Required action =>
Below are the records. Retype exactly the lines between the lines holding "Route_Industriekultur" and "L'activité jardinage capturés", inclusive.

Source records =>
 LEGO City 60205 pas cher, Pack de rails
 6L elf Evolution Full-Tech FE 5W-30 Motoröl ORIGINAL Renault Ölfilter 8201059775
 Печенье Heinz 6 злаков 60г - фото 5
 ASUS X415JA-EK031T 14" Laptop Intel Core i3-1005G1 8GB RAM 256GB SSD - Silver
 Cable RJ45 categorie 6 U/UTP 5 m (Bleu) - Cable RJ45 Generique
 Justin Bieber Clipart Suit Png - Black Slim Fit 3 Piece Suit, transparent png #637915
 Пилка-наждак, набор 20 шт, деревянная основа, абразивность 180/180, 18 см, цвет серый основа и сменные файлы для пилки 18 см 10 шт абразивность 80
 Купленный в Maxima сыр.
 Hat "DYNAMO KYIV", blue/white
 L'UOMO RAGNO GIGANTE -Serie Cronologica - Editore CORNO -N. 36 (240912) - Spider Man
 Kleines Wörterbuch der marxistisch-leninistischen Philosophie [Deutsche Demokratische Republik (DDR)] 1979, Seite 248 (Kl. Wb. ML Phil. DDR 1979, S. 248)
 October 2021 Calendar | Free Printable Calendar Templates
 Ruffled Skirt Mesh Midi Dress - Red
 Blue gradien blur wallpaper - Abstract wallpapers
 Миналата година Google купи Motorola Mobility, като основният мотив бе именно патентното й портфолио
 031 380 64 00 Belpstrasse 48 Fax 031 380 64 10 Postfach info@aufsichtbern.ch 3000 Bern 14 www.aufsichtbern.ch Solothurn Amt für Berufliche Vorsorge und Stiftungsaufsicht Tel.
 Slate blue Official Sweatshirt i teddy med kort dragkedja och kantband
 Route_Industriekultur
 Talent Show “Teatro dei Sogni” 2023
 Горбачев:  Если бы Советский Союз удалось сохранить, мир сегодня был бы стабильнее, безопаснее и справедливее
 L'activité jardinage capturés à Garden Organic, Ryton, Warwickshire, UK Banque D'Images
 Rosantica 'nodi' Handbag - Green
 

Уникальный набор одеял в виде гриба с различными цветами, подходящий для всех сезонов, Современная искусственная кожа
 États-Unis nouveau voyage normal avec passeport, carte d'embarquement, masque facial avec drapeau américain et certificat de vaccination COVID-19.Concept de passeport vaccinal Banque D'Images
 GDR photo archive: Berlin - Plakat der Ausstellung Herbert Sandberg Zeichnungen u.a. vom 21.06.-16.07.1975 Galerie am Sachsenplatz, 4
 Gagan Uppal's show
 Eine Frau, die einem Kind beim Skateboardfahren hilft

Answer below =>
 Route_Industriekultur
 Talent Show “Teatro dei Sogni” 2023
 Горбачев:  Если бы Советский Союз удалось сохранить, мир сегодня был бы стабильнее, безопаснее и справедливее
 L'activité jardinage capturés à Garden Organic, Ryton, Warwickshire, UK Banque D'Images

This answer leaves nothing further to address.